- Data -
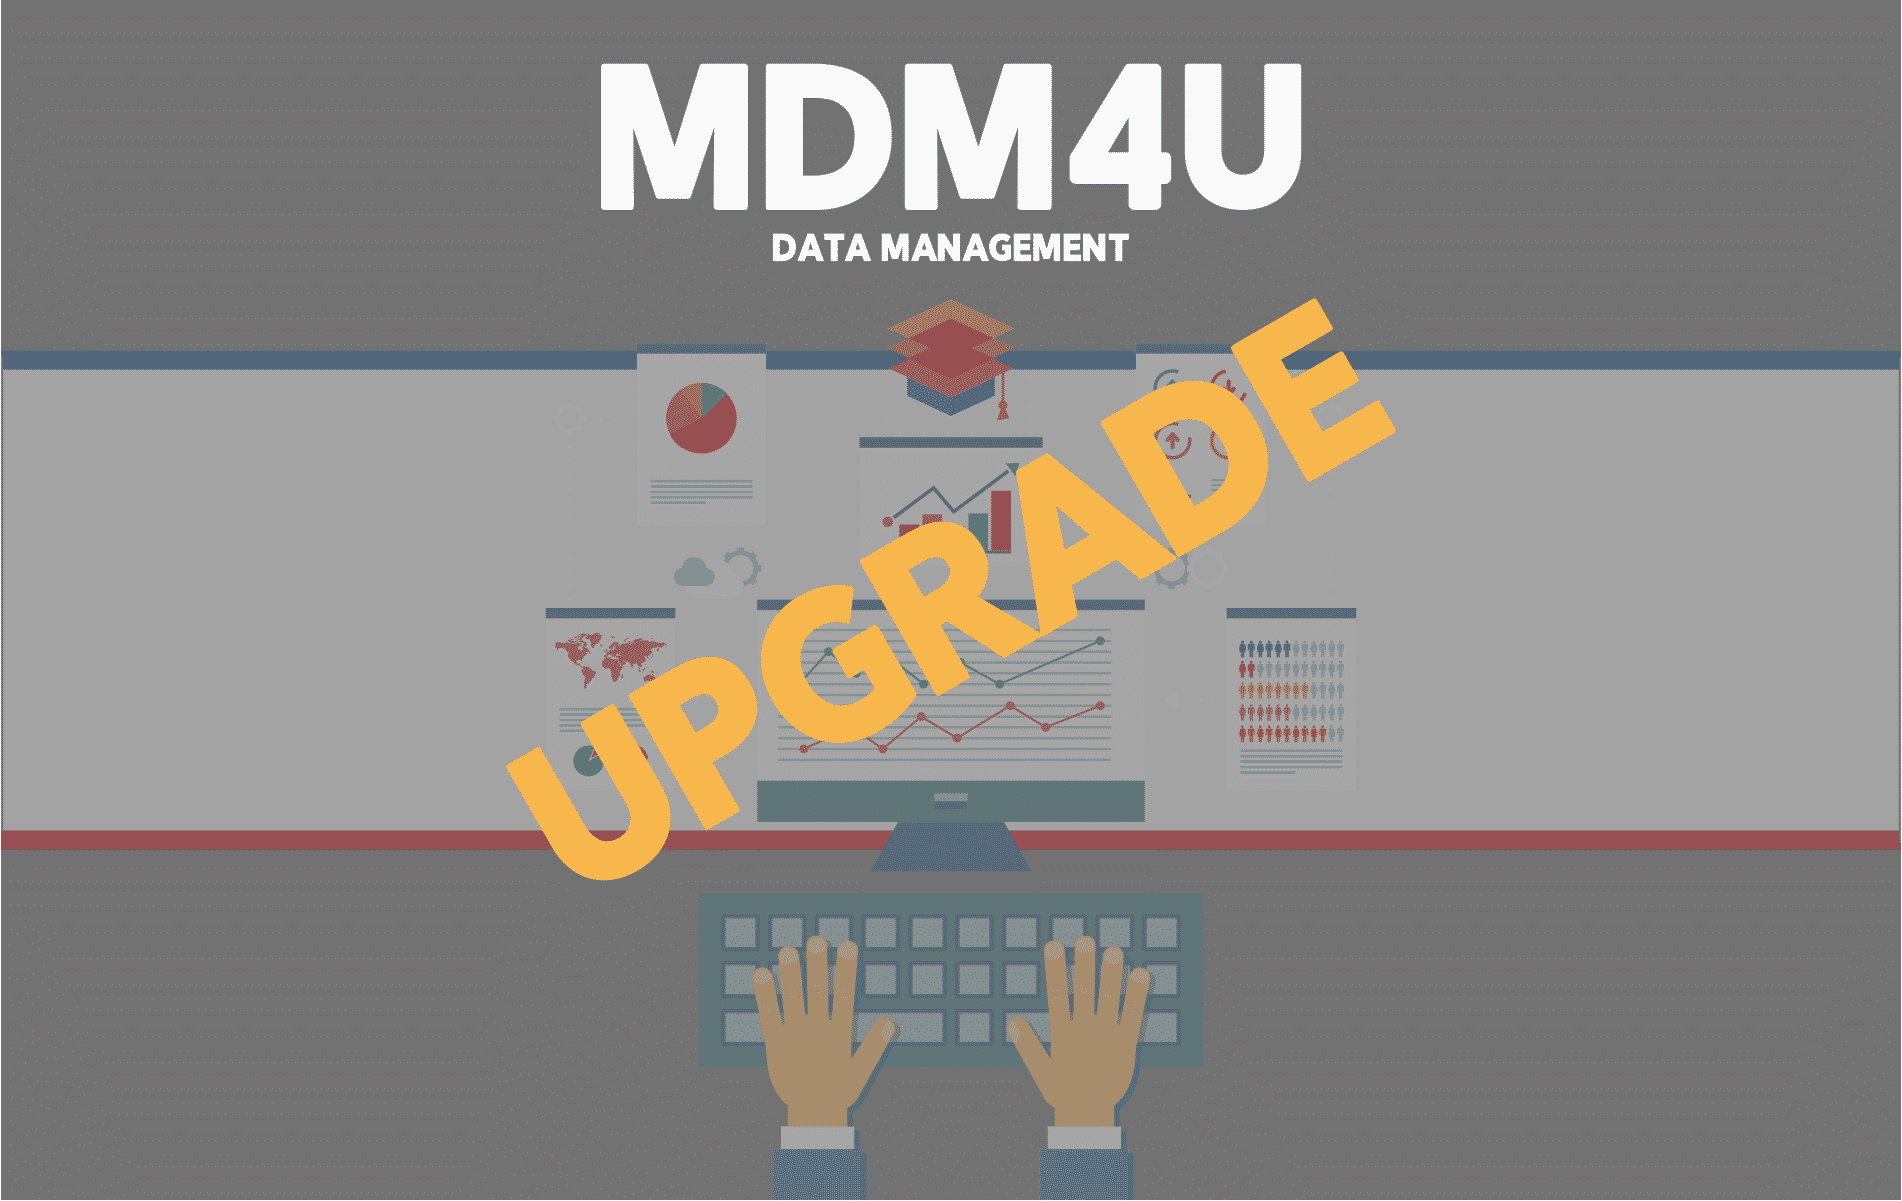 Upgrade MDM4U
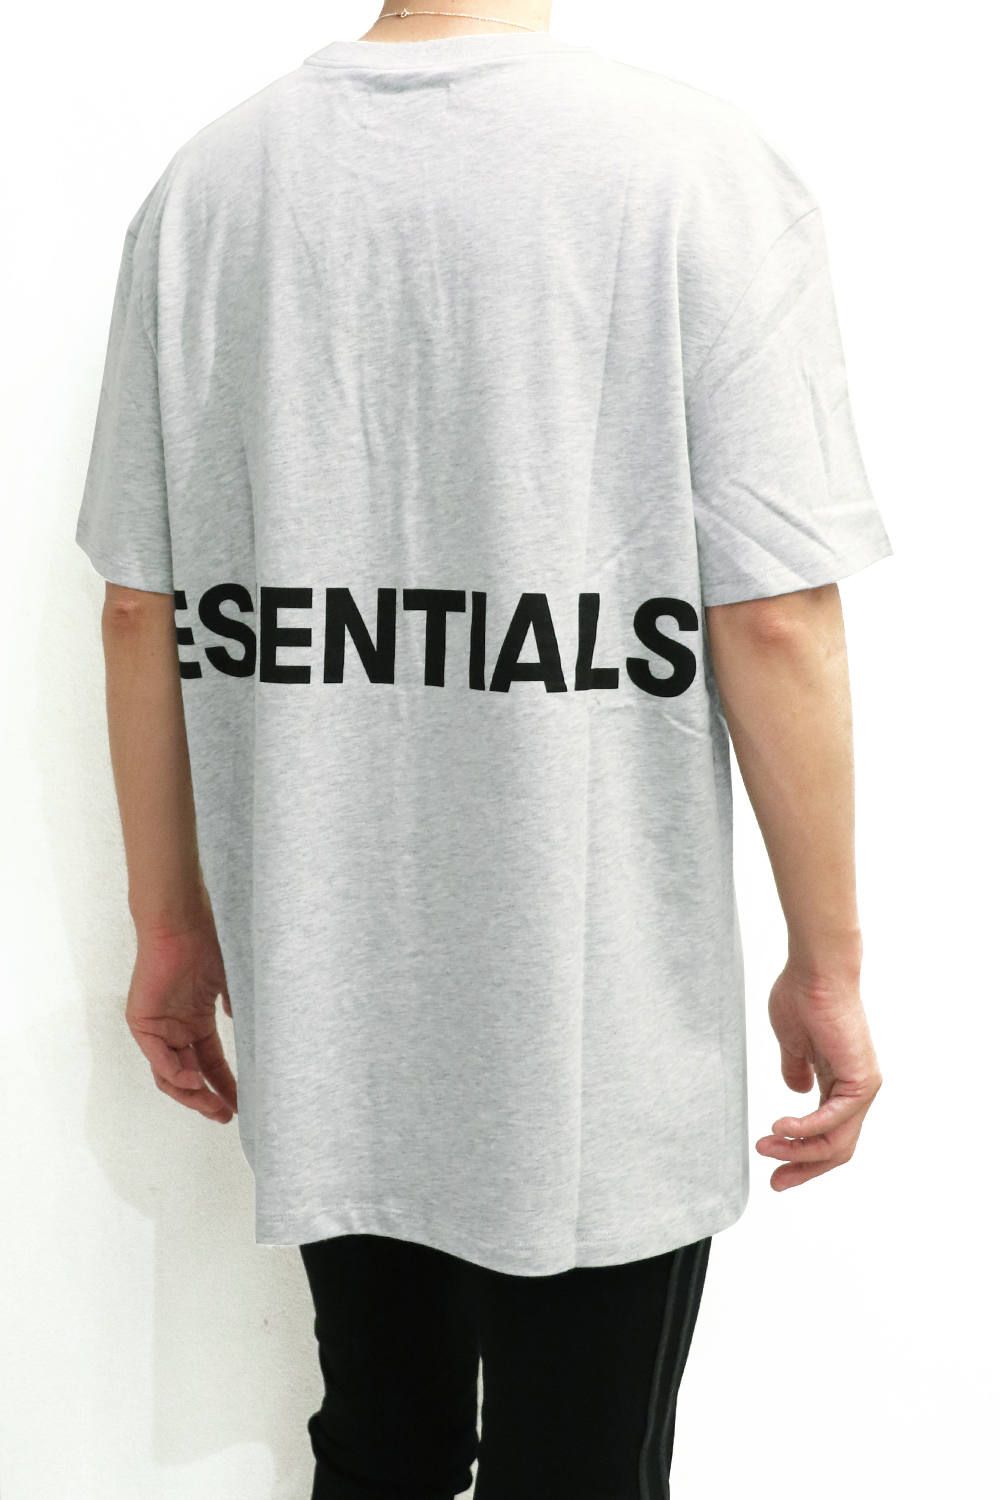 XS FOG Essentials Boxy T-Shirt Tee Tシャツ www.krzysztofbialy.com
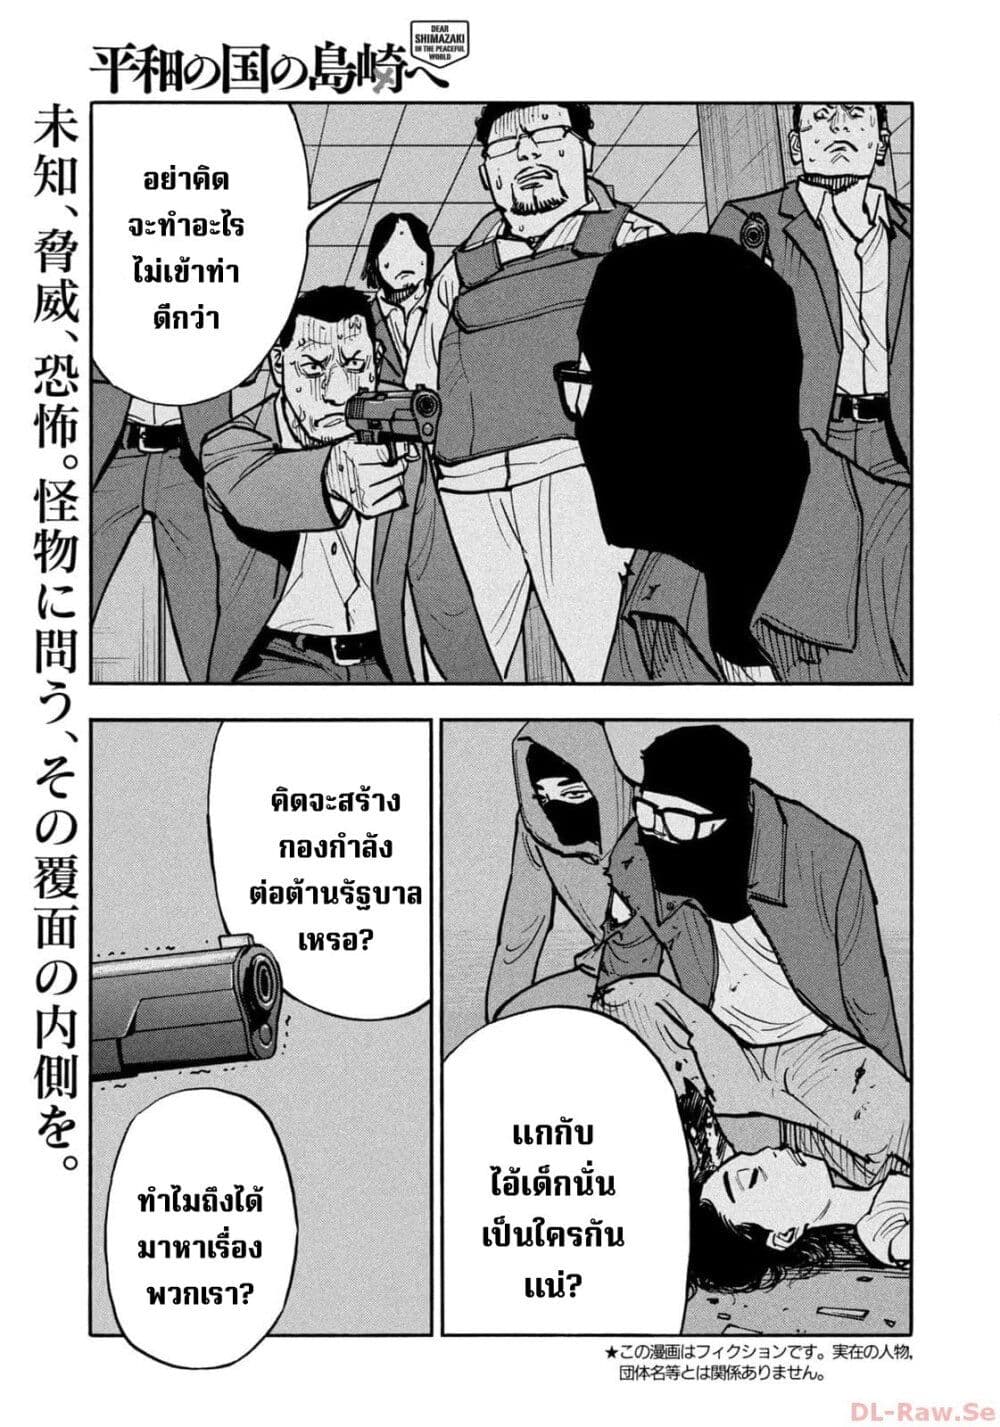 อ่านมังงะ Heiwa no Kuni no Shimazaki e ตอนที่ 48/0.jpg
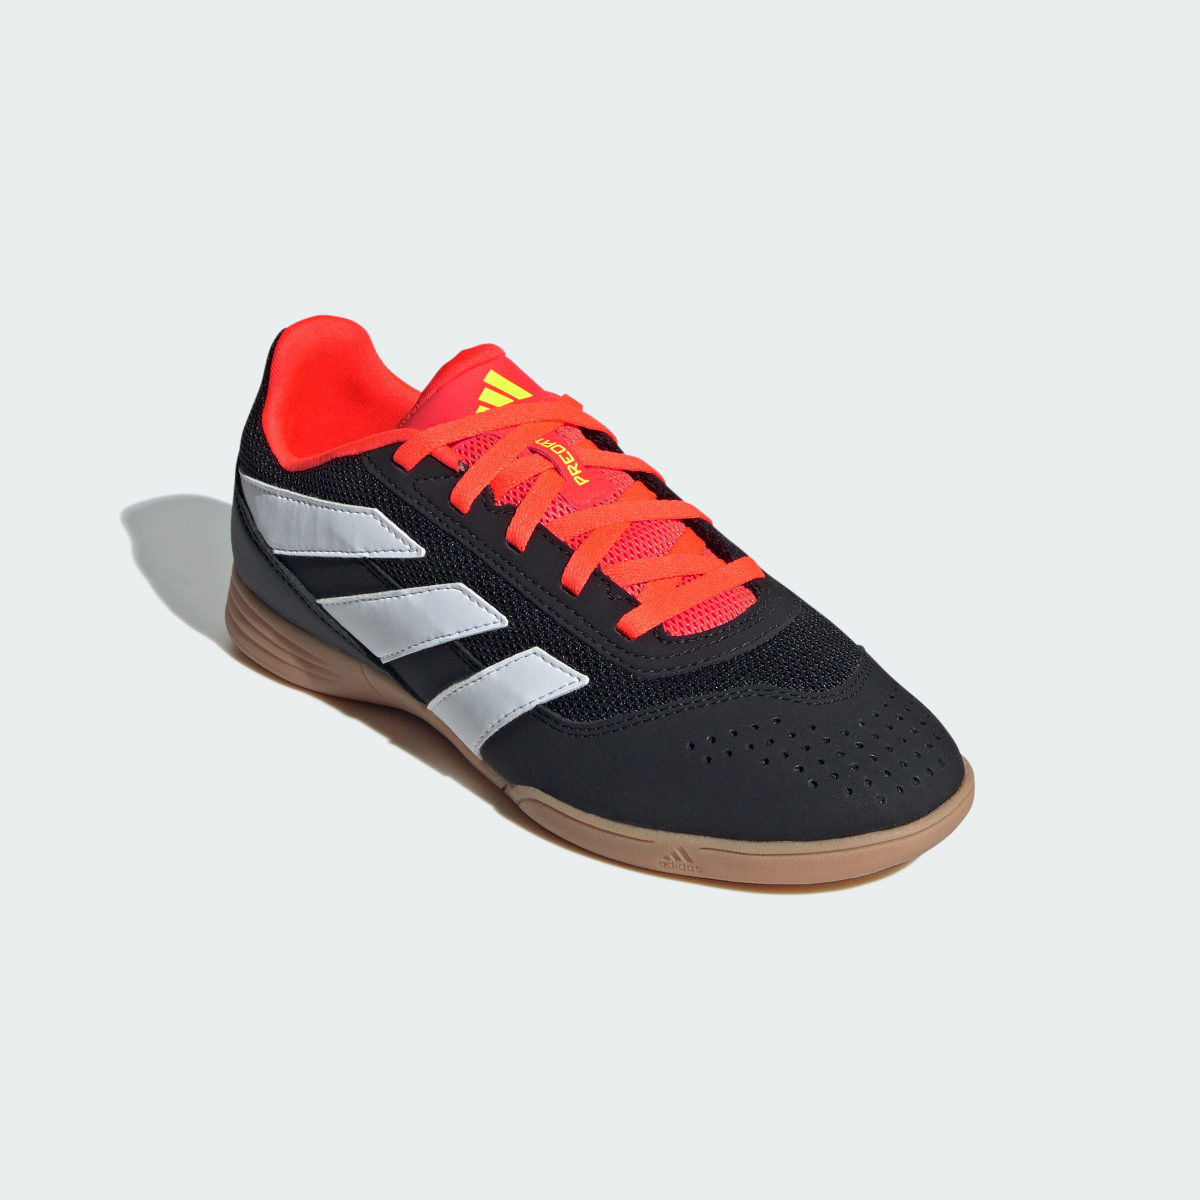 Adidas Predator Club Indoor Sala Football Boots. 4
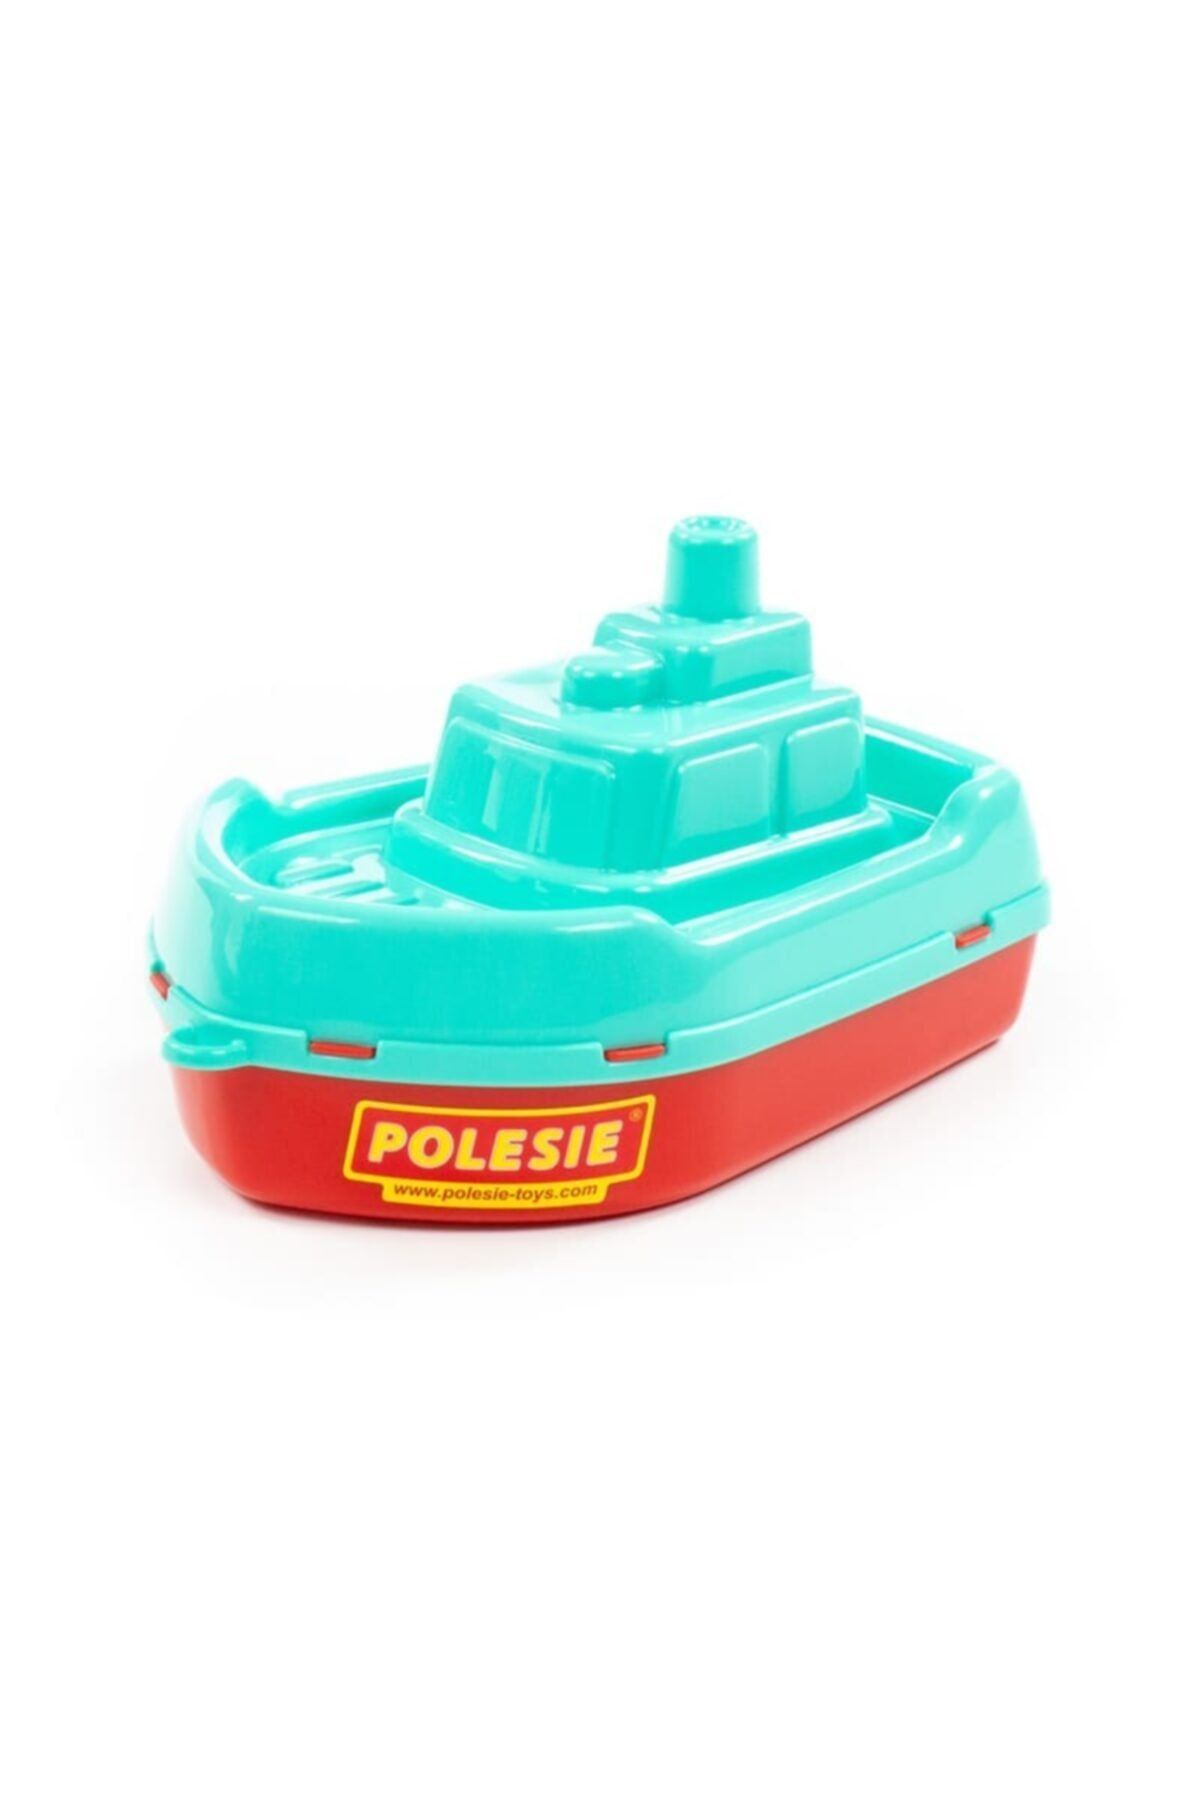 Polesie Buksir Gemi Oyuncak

- Exercise description -
A verbatim copy of the data, pictures removed, is the expected result.

- Solution to this task -
 Upgrade MDM4U
 XS FOG Essentials Boxy T-Shirt Tee Tシャツ www.krzysztofbialy.com
 อ่านมังงะ Heiwa no Kuni no Shimazaki e ตอนที่ 48/0.jpg
 Adidas Predator Club Indoor Sala Football Boots. 4
 Polesie Buksir Gemi Oyuncak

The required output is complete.